Minha vontade era a de matar aquele maldito vampiro de olhos dourados. Antes que eu pudesse sair do lugar, Jasper me pegou pelo braço. Eu olhei sua mão me apertando, eu sabia que com um gesto fácil, poderia obrigá-lo a me soltar, eu poderia até mesmo machucá-lo, minha força era muito maior do que a dele agora. Mas eu não queria fazer nada, parte disso era minha consciência me alertando de que não seria um gesto propriamente meu, parte disso era meu medo.
Eu tinha medo de Jasper.
Porque ele não era apenas um vampiro mais fraco me segurando. Era Jasper Withlock me segurando, um vampiro tão acostumado com recém criado como um humano acostumado em respirar.
– O que aconteceu aqui, afinal?
Perguntei, temendo a resposta. Jasper soltou o meu braço quando viu que eu me acalmara. Ele respirou fundo e olhou para a janela. Parecia cansado, mesmo que isso fosse impossível.
– Alice e Edward tentaram te levar... eu impedi... fui mordido por Edward. Alice me chamou de monstro novamente... foi bem estranha... a sensação de que eu havia te atacado, você em meus braços... eu já vivi isso.
Percebi que o vampiro estava se lembrando do meu aniversário de dezoito anos. No dia fatídico que ele tentara me morder, sem obter sucesso. De repente eu senti pena de Jasper, mas rapidamente tratei de ignorar tal sentimento, temendo que ele pudesse sentir. Mas ele não deu indícios de que havia captado nada.

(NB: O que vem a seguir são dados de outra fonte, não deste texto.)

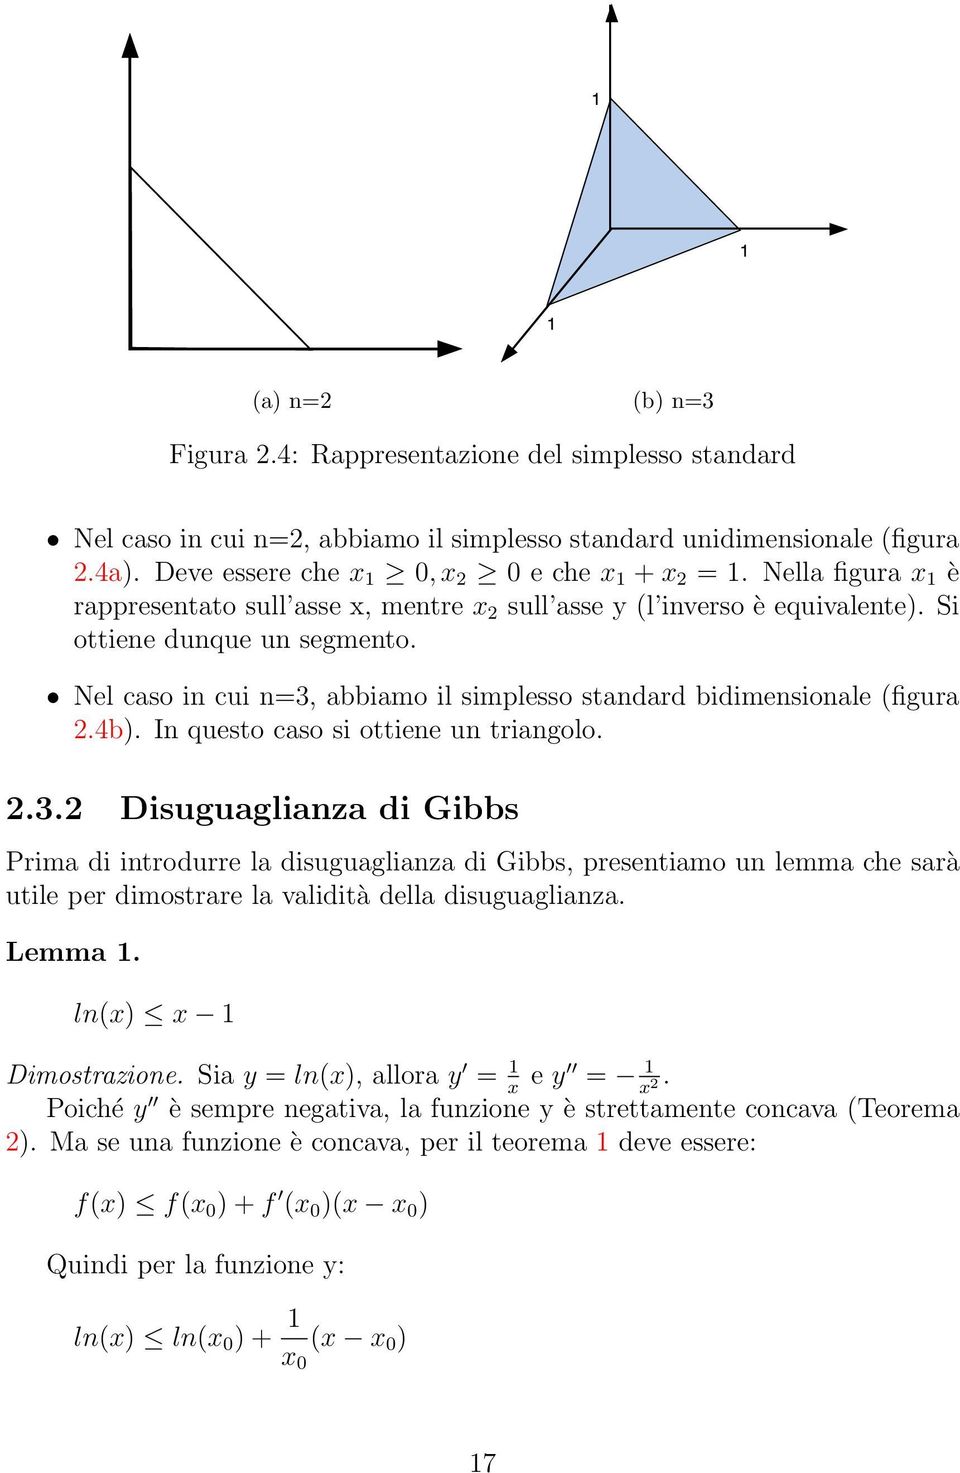 Nel caso in cui n=3, abbiamo il simplesso standard bidimensionale (figura 2.4b). In questo caso si ottiene un triangolo. 2.3.2 Disuguaglianza di Gibbs Prima di introdurre la disuguaglianza di Gibbs, presentiamo un lemma che sarà utile per dimostrare la validità della disuguaglianza.

– Jasper... você é melhor do que isso...
Tentei acalmá-lo, mas realmente não tinha palavras. Não acreditava ainda que Jasper sequer pensava que era inferior a Alice ou Edward, se é que pensava. Eu não sabia dizer ao certo. Sem pensar muito, terminei com a distância entre a gente, colando meus lábios aos dele pela primeira vez como vampira. E era divino. A temperatura agora não era gelada, e sim perfeita como a minha, o gosto dele era ainda melhor, eu conseguia sentir a textura da língua dele com exatidão, a maciez dos lábios, a pele de seda roçando na minha enquanto ele me abraçava.
E eu conseguia sentir agora a queimação na minha garganta.
Isso me assustou, e Jasper percebeu. De repente meu corpo inteiro travou, ficando imóvel, apenas esperando a ardência parar. Mas ela não parou. Comecei a ficar preocupada. Se o que eu estava sentindo era sede, isso se tornaria complicado de controlar mais tarde.
– Você sente sede.
Jasper afirmou, confirmando o que eu temia. Coloquei automaticamente a mão na garganta, tentando por meio desse gesto diminuir a ardência. Mas eu sabia que ela não ia parar. Pelo contrário, minha sede estava apenas começando.
– O que você quer caçar?
A pergunta de Jasper me fez sair dos meus pensamentos. Ele me olhava seriamente, e parecia esperar minha resposta com certa expectativa. Depois de alguns segundos, lembrei-me de que não havia pensado na minha possível fonte de alimentação. Eu não tinha tido tempo para isso. Engoli em seco, começando a ficar nervosa.
– Eu quero ser uma vampira... de todas as formas.
Ele sorriu para mim. Conseguia ficar mais bonito sorrindo. Caminhou para meu armário, abrindo a porta com cuidado e pegando uma roupa. Jogou uma calça e uma blusa de manga para mim.
– Não estou com frio.
Jasper revirou os olhos, e eu comecei a colocar as roupas.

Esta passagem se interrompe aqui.